Put safeguards into secrets law
The law was intended to prevent espionage and was to be used against public servants supplying information to the enemy.
Recently, former vice-president Hamid Ansari, a retired diplomat, called the Official Secrets Act (OSA) “outdated”. We saw this most succinctly last week as attorney-general K.K. Venugopal threatened its use against news organisations that had reproduced official documents that suggested that the Prime Minister’s Office — to the detriment of India’s commercial interests — ran “parallel negotiations” in the process of purchasing the Rafale fighter aircraft, and in doing so undermined the work of the designated Indian Negotiating Team of domain experts.
The next day the A-G withdrew his threat when there was a hue and cry across India, but the arrogant way in which the threat was held out brings home to us the dangers of having the 1923 colonial law on the statute books.
The law was intended to prevent espionage and was to be used against public servants supplying information to the enemy.
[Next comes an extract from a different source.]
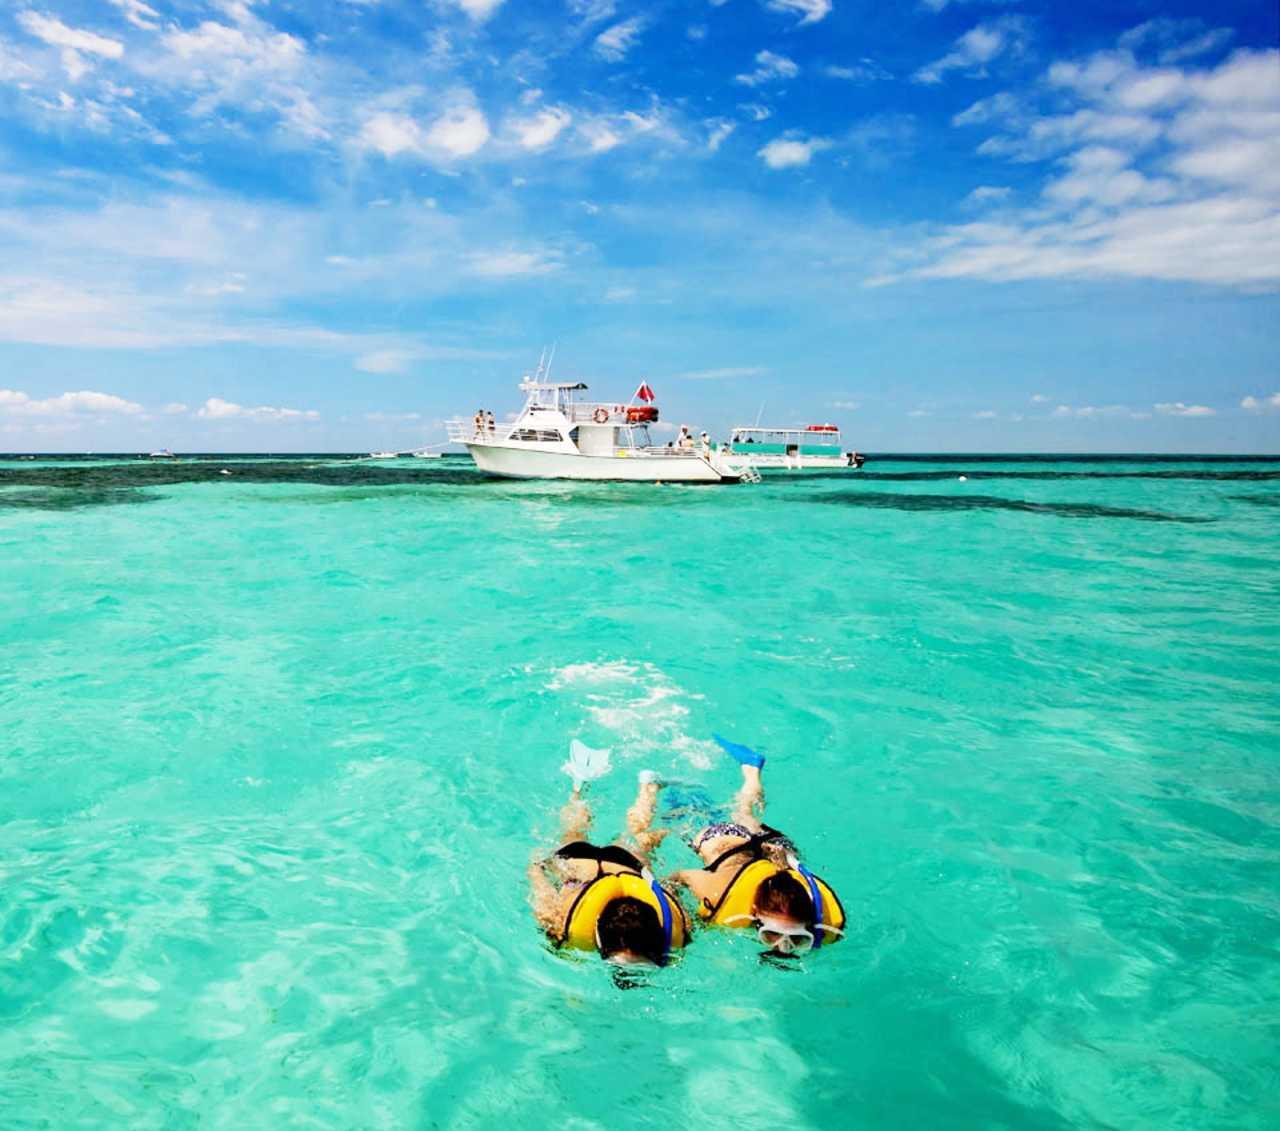 Strandurlaub Special: Florida-Autorundreise ab Miami! | CANUSA

The background to this was that Britain had just emerged from the First World War (1914-18). But the OSA can be read widely and bring into its ambit non-public servants as well.
In today’s information age, when India has passed the Right to Information Act to enable citizens to see if the State is stepping out of line and hurting their interests, the OSA can hardly be justified in its present form. Journalism has an important role to play in defending the public interest as distinct from the government’s interests. Wilful use of the OSA is an obstacle in this context. The matter should be debated by Parliament to shield from scrutiny only such information that can give succour to the nation’s enemies.